The brutality with which the British put down the Mau-Mau revolt in Kenya in the 1950s is another example of massive human rights violations on behalf of a settler population.
This latest sanguinary episode is a further manifestation of Israel’s insecure brand of settler colonialism, in which the lives of the indigenous population are viewed as worthless before the interests of the colonists. The Israelis have not killed on the French scale, but I would argue that they kill, and disregard civilian life, for much the same reasons as the French did in Algeria.

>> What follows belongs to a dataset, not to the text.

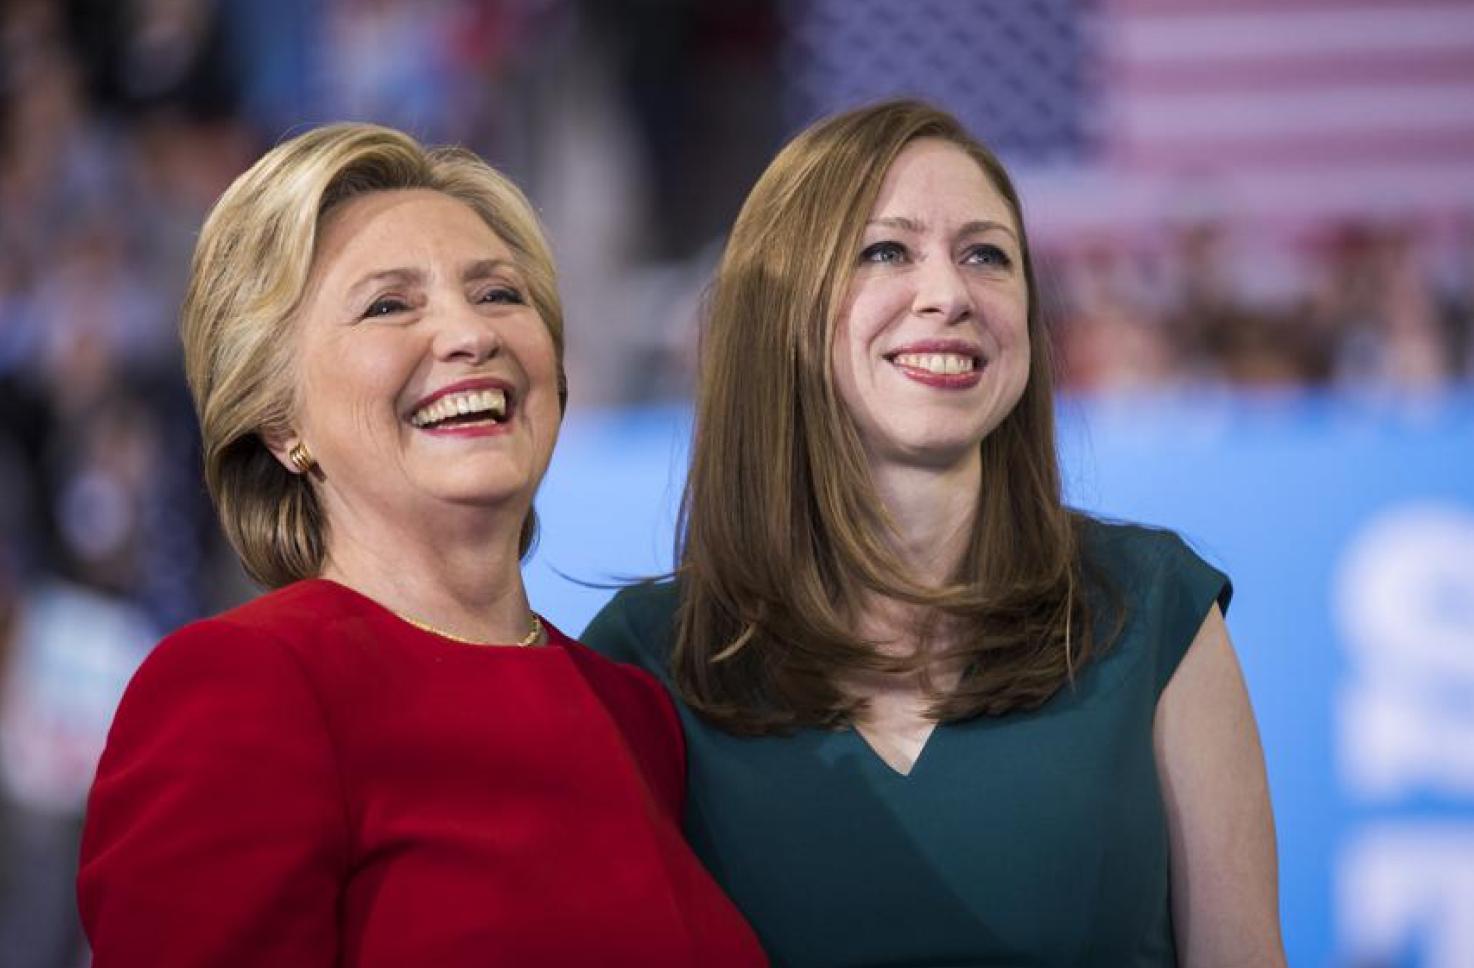 Photo of Hillary Clinton and Chelsea Clinton

Settler colonialism is unstable in the contemporary world because of the facilities subject populations have for mobilization and resistance. Conflict between colonizer and colonized has only ended in one of three ways: 1) The expulsion of the colonists, as in Algeria; 2) the integration of the colonists into a nation that includes the indigenous population, as happened in South Africa; or 3) the expulsion of the indigenous population, as with the Trail of Tears in the nineteenth-century United States.
Bob Simon told Charlie Rose that the ‘two-state solution’ in Israel-Palestine is dead, which is likely correct. He suggested that the most likely outcome is Apartheid. However, I would argue that Apartheid is a phase and its itself an unstable situation, and that only one of the above three outcomes is actually permanent. Given that the Arabs are becoming more technologically sophisticated and wealthier over time, and given their demographic advantage, I do not expect a trasnferist or trail of tears policy to be implemented or succeed. In the long term, over several decades, I think either there will be a gradual outflow of Israeli emigrants that leaves Jews a plurality in Israel. Or there will eventually be a single state. The other possibilities, of either a century-long Apartheid or another expulsion of Palestinians a la 1948 seem to me less likely. The Gaza operation is intended to extend the life of an incipient Apartheid. But that is sort of like giving a heart transplant to a man diagnosed with terminal cancer.